[[ DATA SEGMENT, beginning ]]

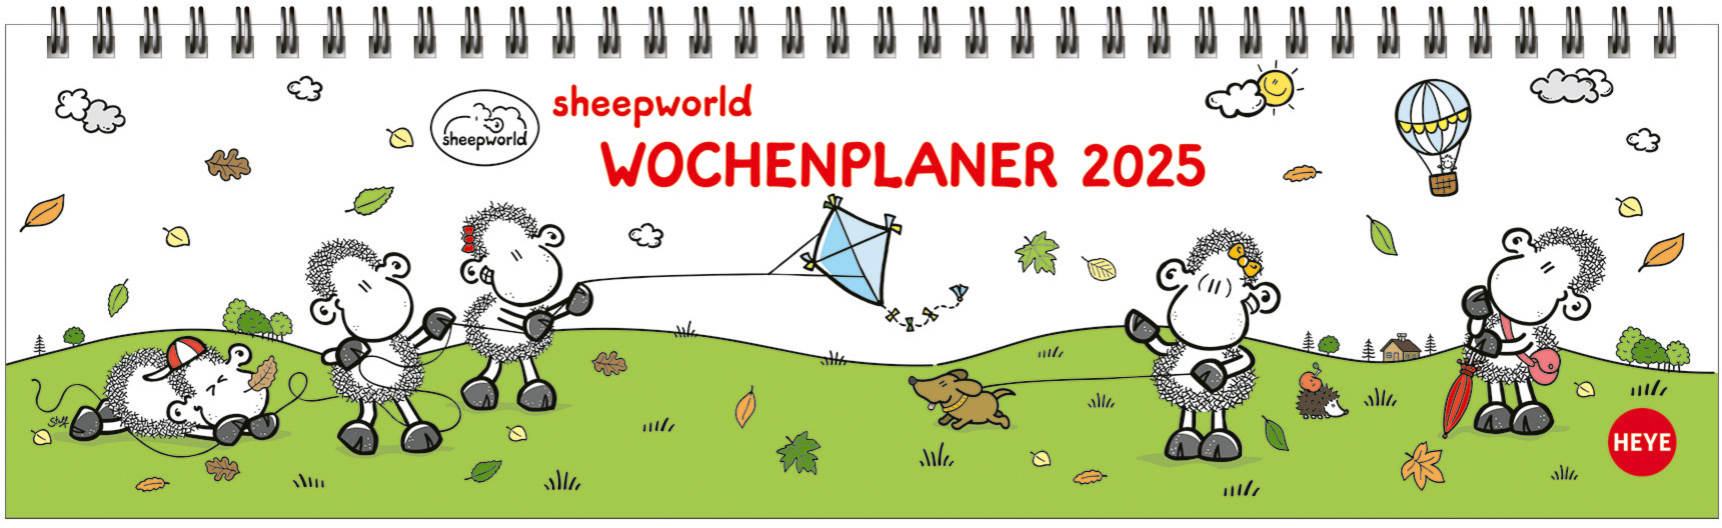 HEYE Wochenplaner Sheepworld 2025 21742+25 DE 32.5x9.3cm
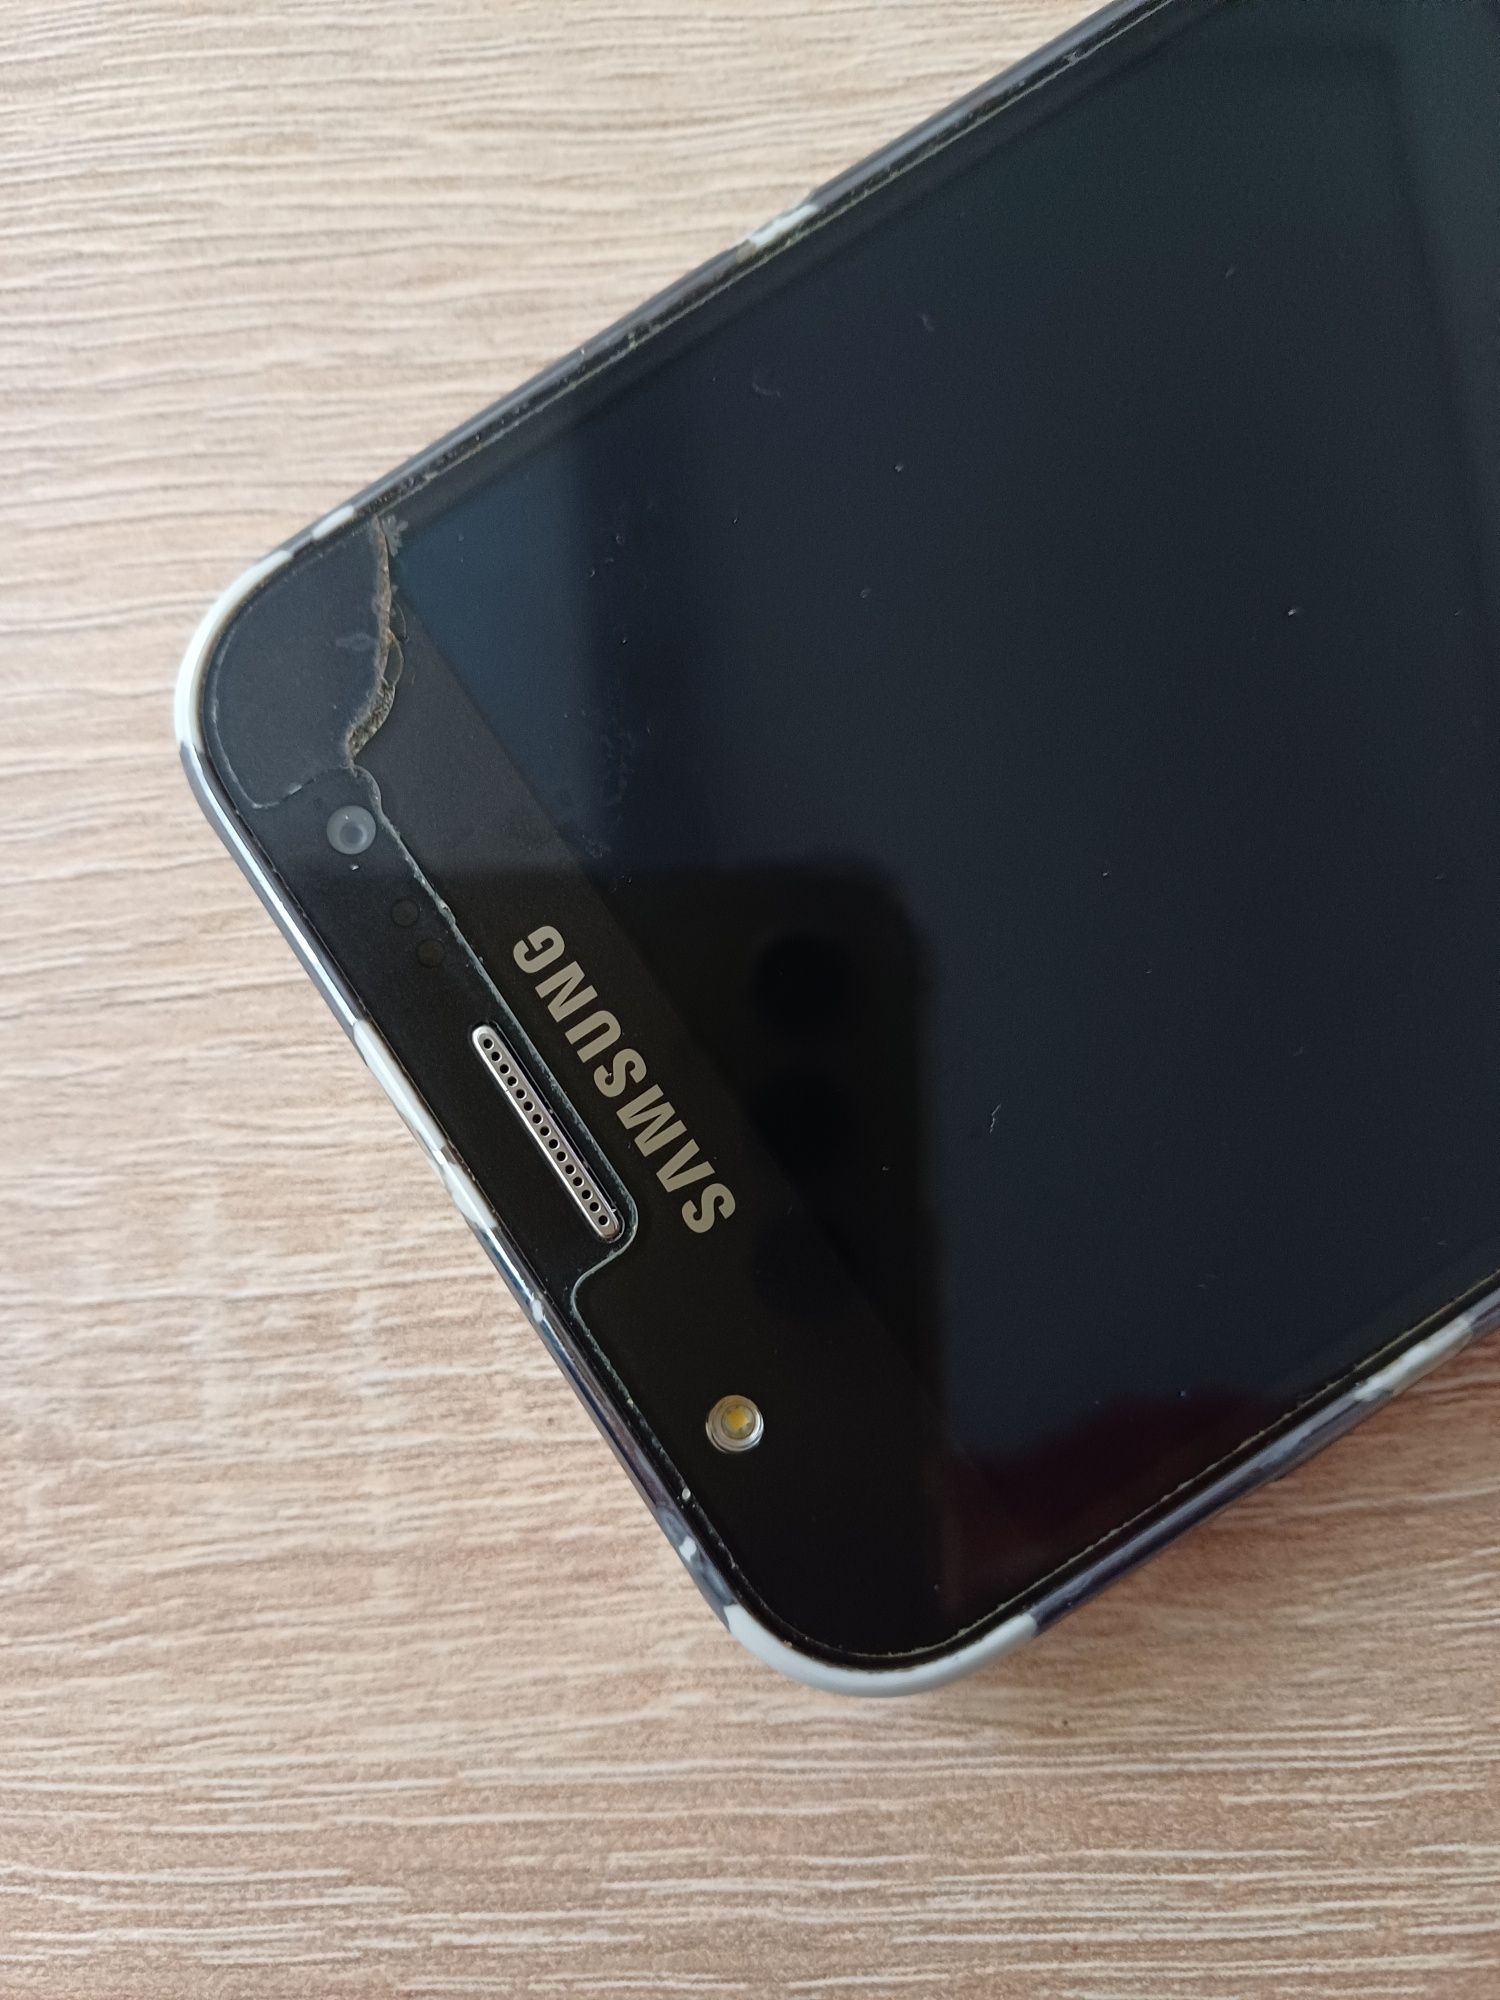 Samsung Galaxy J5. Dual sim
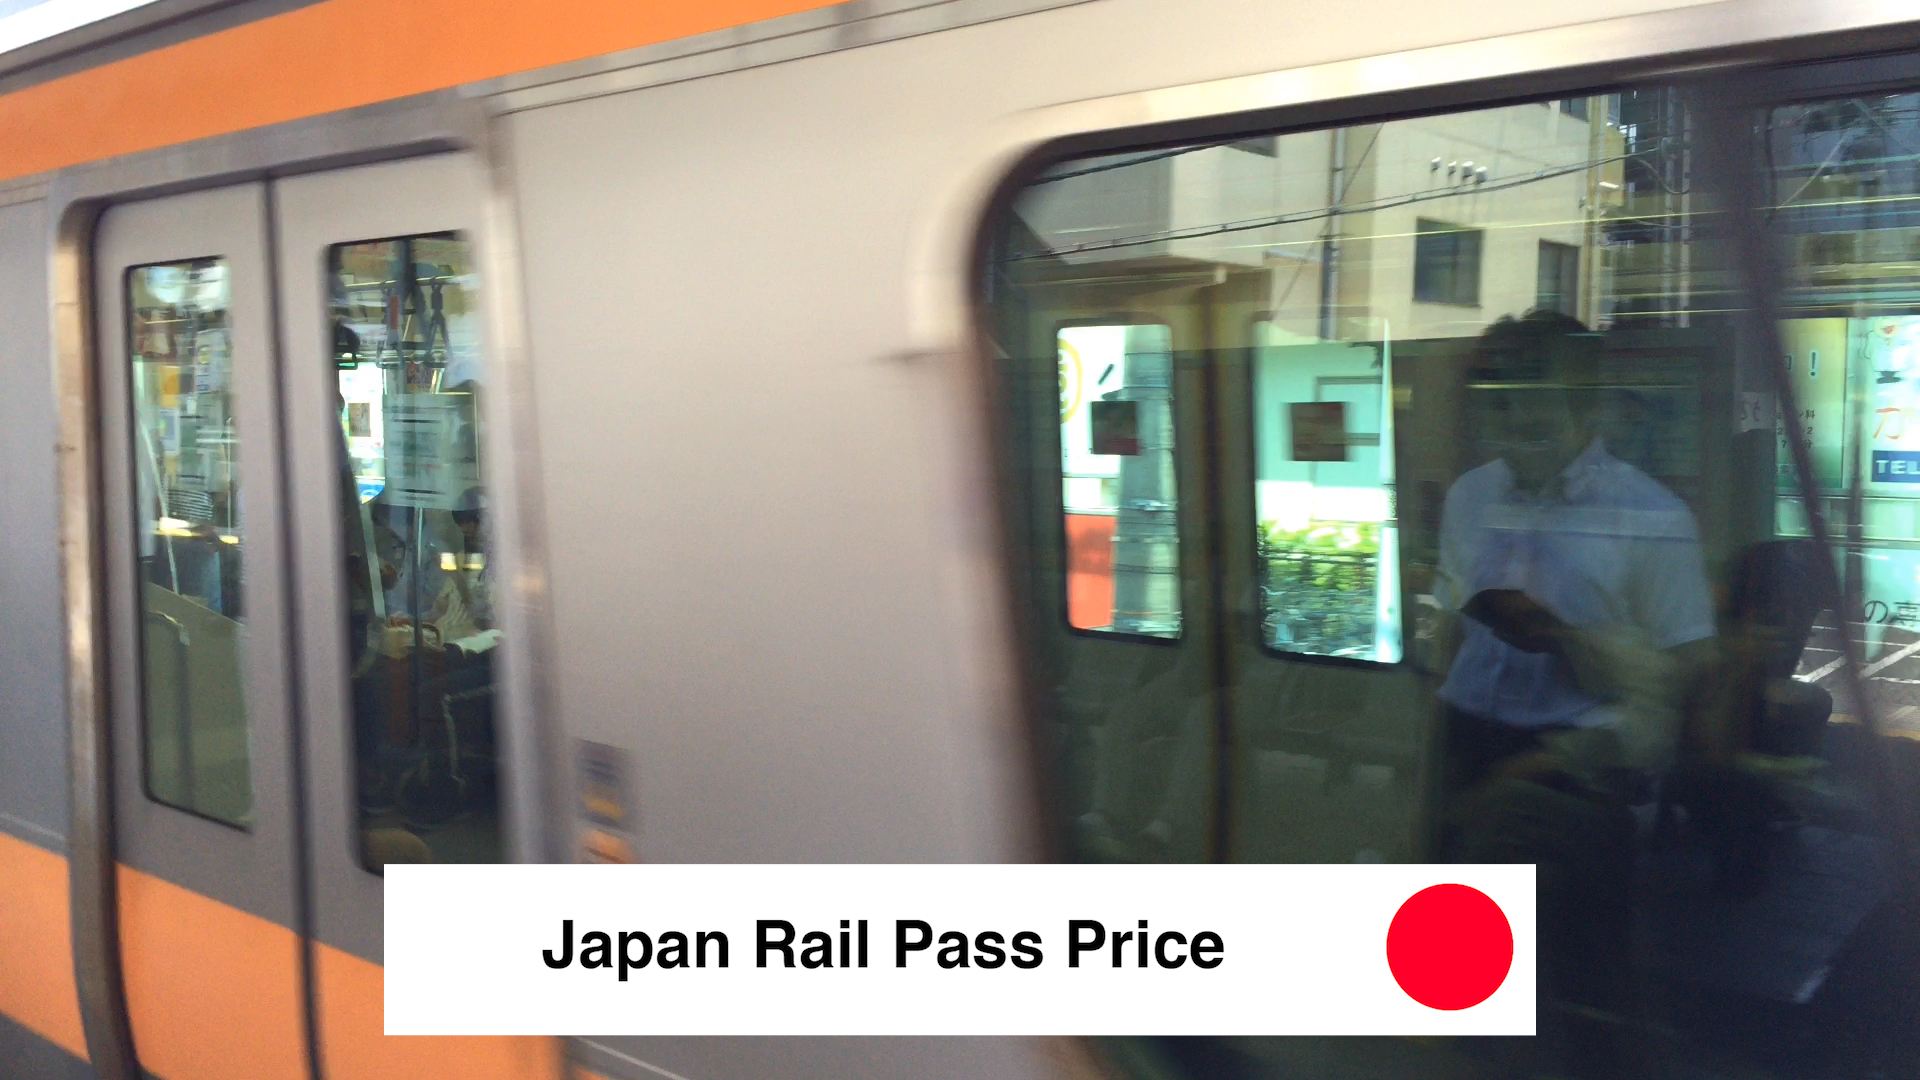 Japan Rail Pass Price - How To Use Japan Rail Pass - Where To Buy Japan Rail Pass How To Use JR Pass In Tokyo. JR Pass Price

[[ DATA SEGMENT, end ]]

__WHAT YOU NEED TO DO__:
Retype each line of the listing above word for word. Exclude the pictures.

__RESPONSE TO THIS TASK__:
 HEYE Wochenplaner Sheepworld 2025 21742+25 DE 32.5x9.3cm
 Samsung Galaxy J5. Dual sim
 Japan Rail Pass Price - How To Use Japan Rail Pass - Where To Buy Japan Rail Pass How To Use JR Pass In Tokyo. JR Pass Price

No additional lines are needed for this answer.